In my opinion, Mel has never been an ordinary mom. Or an ordinary anything for that matter. When I found myself as a single mom, Mel kick-started my love of dancing at clubs. At the time, she was a working mom of two kids under three, and I thought she was kind of crazy. I was also amazed that she really did seem to have a well-balanced life. (My two favorite memories are her love of astrological signs, and her trying to get me drunk on Red Bull.)
Fast-forward eight years; she is seriously the poster child for adulting and not adulting at the same time. She balances a job and motherhood, spending time with family and having “girls nights out,” being one with nature and partying in Vegas, supporting her husband’s company… and she does it all with the most sane perspective and calmness to her. It’s like her life is the ultimate yin and yang.
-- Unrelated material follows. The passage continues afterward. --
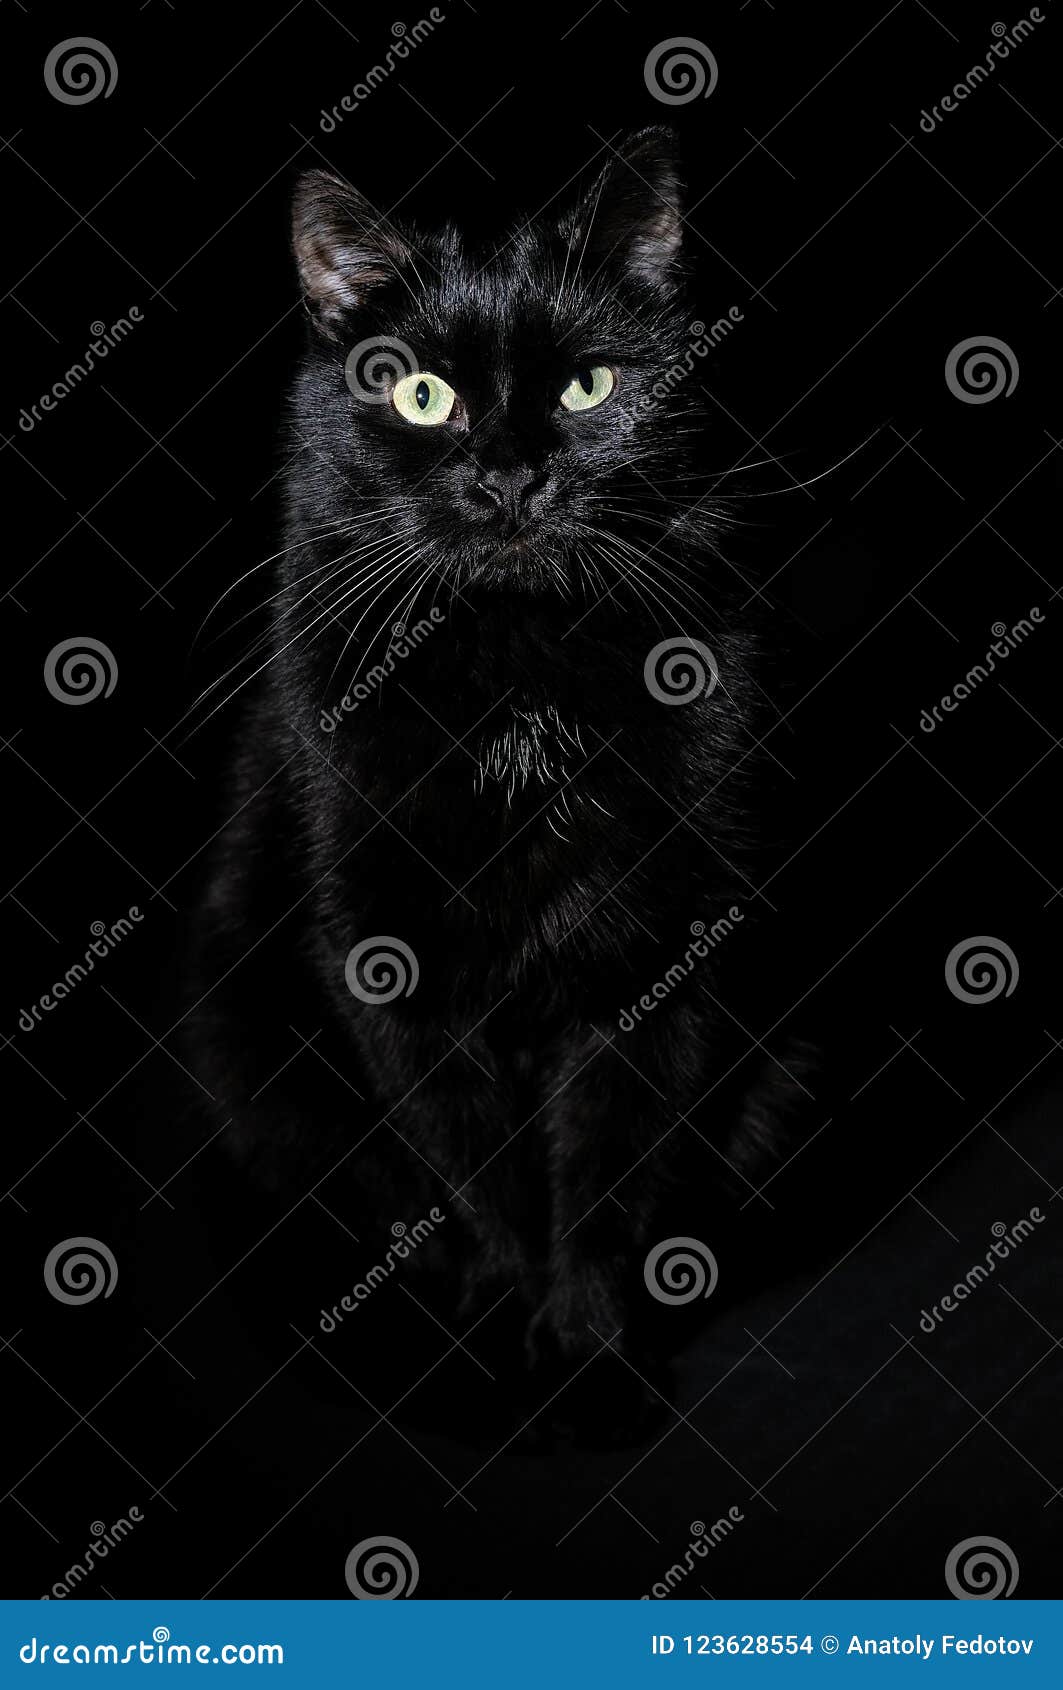 Mèo đen trên nền đen - Nếu bạn đang muốn trở thành một nhiếp ảnh gia chuyên nghiệp hoặc chỉ đơn giản là yêu thích chụp ảnh mèo, hãy cùng chiêm ngưỡng một bức ảnh đáng yêu với một chú mèo đen trên nền đen. Chắc chắn bạn sẽ bị cuốn hút bởi độ dễ thương và bí ẩn của chú mèo này.

She also started a sweet blog, and wrote a post all about perspective, so you know she’s got some deep thoughts going.
Teaching and Education
Being able to have the capability to grow a human inside you is pretty damn amazing. God knew that women would be badass enough to handle this HUGE part of human evolution. I take that shit with pride! Did I enjoy pregnancy? Not so much. At times it was wonderful, and times I got weirded out by all the little feet and hand ninja moves. THEN, this little alien comes out your body and that is sure as hell not glorious. And now we have to take care of it?
Motherhood is not easy, nor was it meant to be. It is a gift, and one of the biggest blessings I have in my life. It is also a challenge and a huge lesson. It’s a mix of emotions, and children often teach us as we are teaching them.
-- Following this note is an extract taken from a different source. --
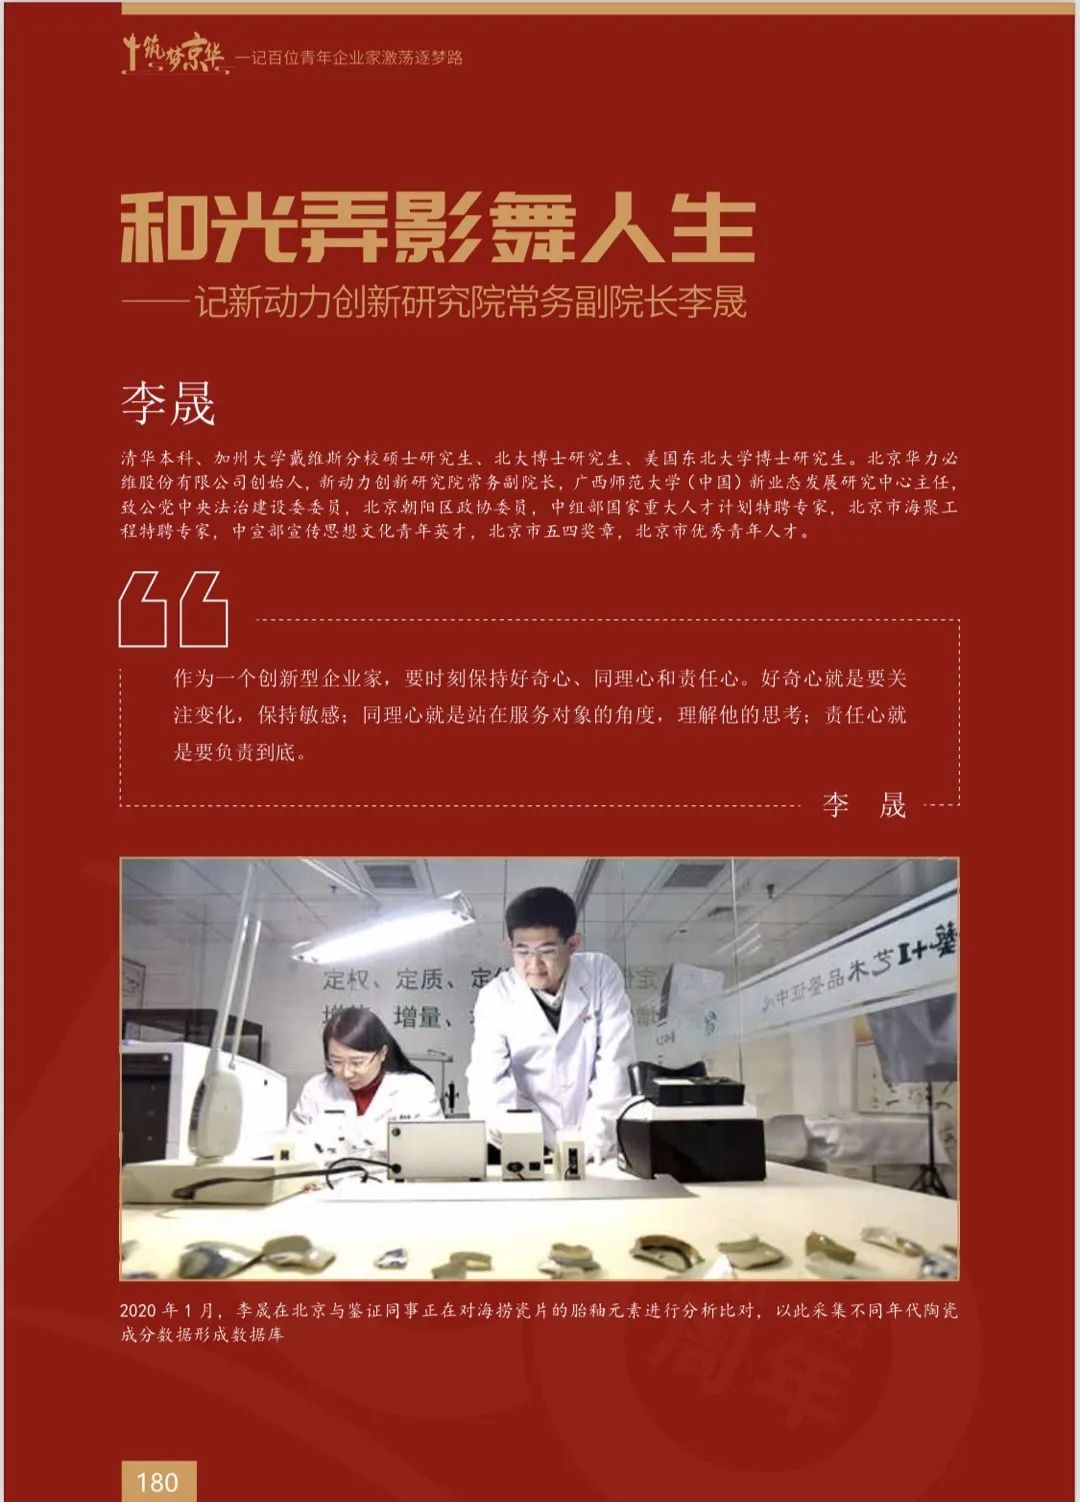 李晟入选北京市工商联100名青年企业家图书《筑梦京华》

As for college, “Your mom goes to college!”
What I think is important is that a woman is always willing to learn. I don’t necessarily believe college indicates an ability to learn, or level of intelligence. Good Will Hunting anyone? Ok, that’s just a movie… But I know so many people who graduated from college and still work 9-5 at the same place I do. But they spent soooo much money and so much time to earn that diploma.
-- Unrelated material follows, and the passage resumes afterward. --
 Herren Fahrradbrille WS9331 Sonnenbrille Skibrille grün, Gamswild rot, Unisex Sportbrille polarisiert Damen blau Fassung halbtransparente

The ONLY downfall is this: if the woman is left in an unexpected position of suddenly becoming the breadwinner. Obviously, if she has the education behind her, she is more likely to find employment. But what if it’s been so long that she doesn’t remember everything? And with no prior job experience, it might be hard. What I think is as long as she has a badass attitude of trying to get her shit together—kicking ass and taking names—she will be able to do it.
I REALLY don’t think I’m all that and a bag of Hot Cheetos (mmmm), but I get told a lot that I am pretty. While this was something I have learned to be ok with, I am afraid that people only see me for that. I want to be KNOWN for who I AM as a person, the values I hold, and for how I treat others.
I am surrounded by women who “enhance” their physical appearance—eyelash extensions, microbladed eyebrows, lip injections, breast implants, liposuction, botox… It’s all maddening! I have this fight daily… My inner hippy wants to be free and live in the desert with no makeup and not give a shit, and the material me says I kinda like wearing makeup and getting dressed up. And I feel like I have to wear make-up and look good. It’s finding a balance between my own psyche and the world’s “expectations.” As I am getting older though, I am leaning more towards not giving a shit.
The other day a man argued with me about my company’s return policy, even though it was posted on the wall. He talked to me as if I were stupid, questioning my position and knowledge. I could feel him try to threaten me with his presence, leaning over the counter to talk down to me. I’m a short person, but I have little man syndrome—so come at me bro! He finally asked a male co-worker the same question, as if my co-worker would back him up because he also had a penis. My co-worker said the exact same thing I said (adding a “she is right”)—and the man magically listened! Never once apologizing to me.
I had a lot of angry thoughts coming through my head, but then I realized how sad he must be on the inside. He was an older man preying on a younger, smaller woman for some type of sick gratification brought on by his own insecurities. Pity.
Balance and Equality
The word “feminist” always puts me on the fence. I hate the idea of labels and conforming to one ideology. If I had to consider myself anything I’d like to be called a HUMANIST.
I believe that we should all be treated with the same love, respect, and kindness. I believe we should all be given chances if we pursue them. And not be shamed for trying, whatever our sex is.
There is a divine balance in our roles here on earth that we are meant to follow. I see power and strength is both sexes, and I believe we are stronger together when we are in harmony with each other.
Don’t get me wrong; we as a female race have been through some tough shit. Watching Game of Thrones the other day made me feel so blessed to live in the time and place I do. Men have dominated the world for too long, and I’m all for Women having their own power now.
But the thing that worries me is what if we suddenly fall in to the power hungry state that Men did, what would make us “better?” I think feminism (or any social label) will always have the good and the bad. Whatever you choose to identify with, what matters is that you are working towards a better world for ALL of us. We have to live in balance with each other, not against.